Given the eternal existance of trauma, being bitten, falling off a pyramid, etc…Surgery could be said to have existed eternally. A simple drainage of an abscess or the setting of a bone are surgical procedures. Medical practice, adjusting physiology through medications, or incantations or diet and lifestyle changes is far younger. Since I am a surgeon, I am partial to the philosophy, "a chance to cut is a chance to cure," but surgeons as a rule begin to get into trouble when they start trying to alter physiology by changing anatomy - an example is "weight loss surgery" which creates weight loss by bypassing the intestines from food, creating weight loss through malnutrition - in fact no living person has ever suffered from too large a stomach or too long an intestine. The simple fact is that we have not yet found a medical way to alter the physiology of weight. But we will, and what then of the people who are malnourished from irreversable operations bypassing their intestines?

But I digress…

A remarkable amount of surgical knowledge and practice was lost in the medieval era by simple ignorance. The Romans fixed hernias - they would get a patient drunk, then push a hot poker into the hernia and groin. This would create a scar that would heal the hernia and prevent recurrence. Granted you would not want this, a third of patients died from the surgery, but only a third or so of those who survived had the hernia come back again. And think how large that hernia would have had to have been to submit to such a procedure. St. Benedict decreed that his monasteries should care for the sick, but only through prayer, and forbade the study of medicine.

leonardo appendixvesalius appendix

The Church in Europe ended up preventing the study of anatomy and physiology over the course of a thousand years, and instead codified the work of Galen and Aristotle, among others as the final word on how the body worked. Unfortunately, those authors suffered similar limitations, particularly from bans on dissections. Galen, for example, is reported to have never dissected a human, and inferred all from what he was able to observe in animals. The resurrection of surgery in Europe, then, came with the Renaissance artists and anatomists with certain outlaw streaks, particularly Leonardo Da Vinci and from Vesalius, whose anatomic drawings, drawn usually from illegal dissections, formed the basis for a new study of human anatomy and physiology as errors in Galen's work became apparant. Leonardo's drawing of the human appendix also forms the basis of the logo of this museum. Vesalius' work, years after Leonardo, is incredibly detailed, and his drawing of the appendix even shows a small fecalith, or stool ball, obstructing the opening of the appendix into the cecum. The Royal Collection in England exhibits the DaVinci drawings in their excellent museum. To see more of Vesalius' anatomic drawings, you can go to the British Library's Vesalius exhibit.

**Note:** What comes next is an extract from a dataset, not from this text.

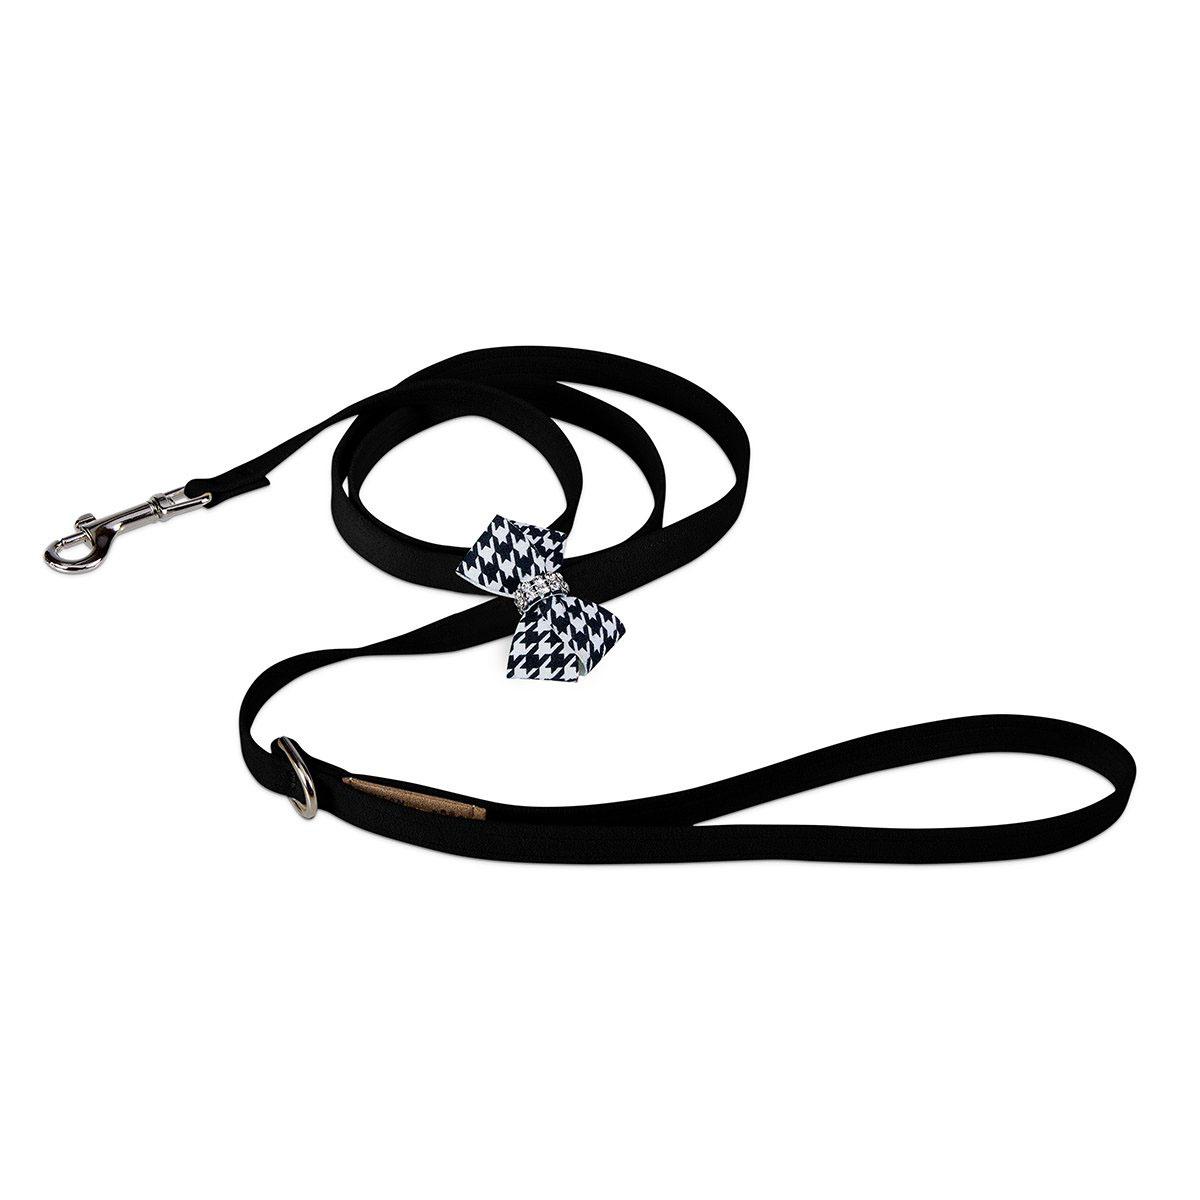 Susan Lanci Black & White Houndstooth Nouveau Bow Dog Leash - Black
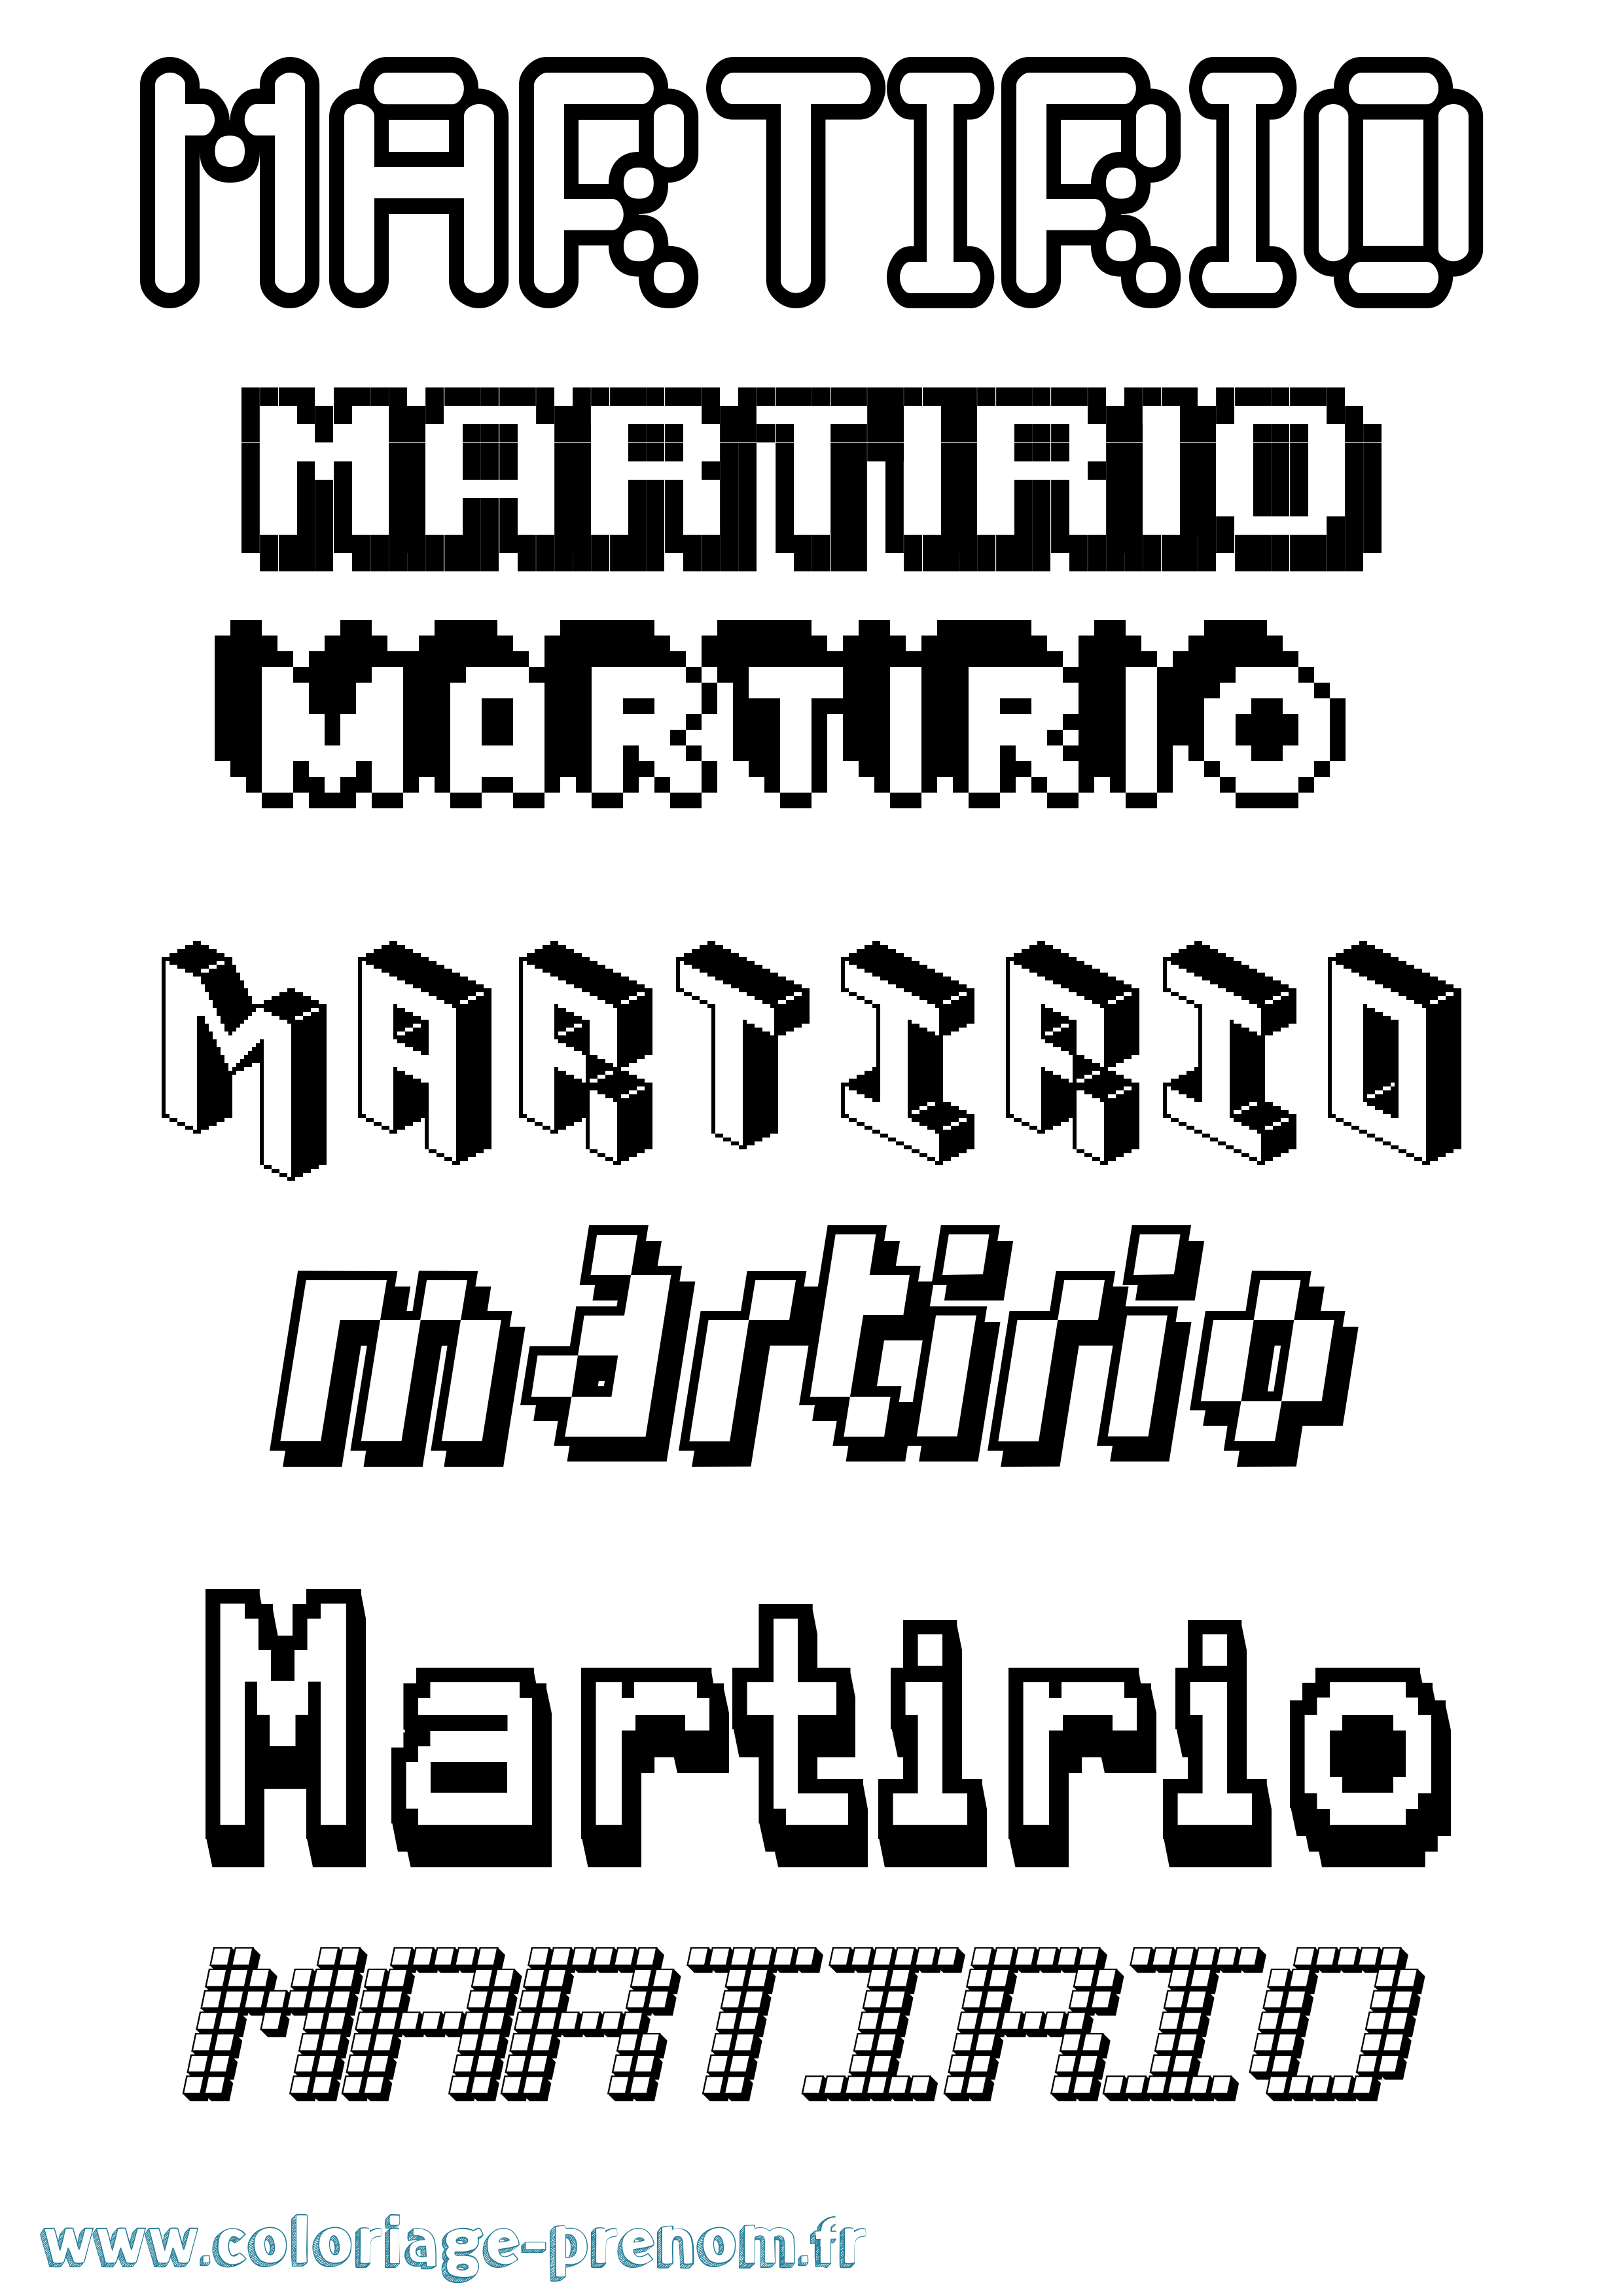 Coloriage prénom Martirio Pixel

In the 1700's John Hunter successfully combined dissection and careful study of anatomy with surgical practice. This culminated in his successful operation to treat aneurysms of the poplteal artery. Hunter's work led to a scientific professionalism, the use of hypothesis and experimentation, to surgery that led directly to the advances of the ensuing 250 years. John Hunter and his contributions are memorialized, among many places, in this museum in John Hunter Memorial Hall for the Anatomy and Physiology of the Appendix, at the Royal College of Surgeons (Eng) at the Hunterian Museum, which maintains his dissections for viewers, and in a wonderfulbiography, Knife Man which was given to me by a friend and mentor, Russ Nauta, and which I think is just a terrific book.

op table bw

Surgery on the abdominal cavity is a formidable affair – several impeding factors coexist. First, surgery on the abdomen takes time. Early surgery, drainage of an abscess, amputation of a limb, could be done in seconds, an average surgeon of the 1840’s took thirty seconds to amputate a leg.(Hollingham) At the operating theater museum at St. Thomas' Hospital in London (just a terrific museum!), the old operating table still has saw marks on it from amputations. A surgical virtue of the extremities lay in the easy access to the pathology – the incisions through skin and muscle are a part of the surgical treatment of the pathology. The abdominal cavity is different. In abdominal surgery, the incision through skin and muscle are means of access to the pathology. The surgical treatment of the intra-abdominal pathology commences some length of time after the incision. This is quite painful.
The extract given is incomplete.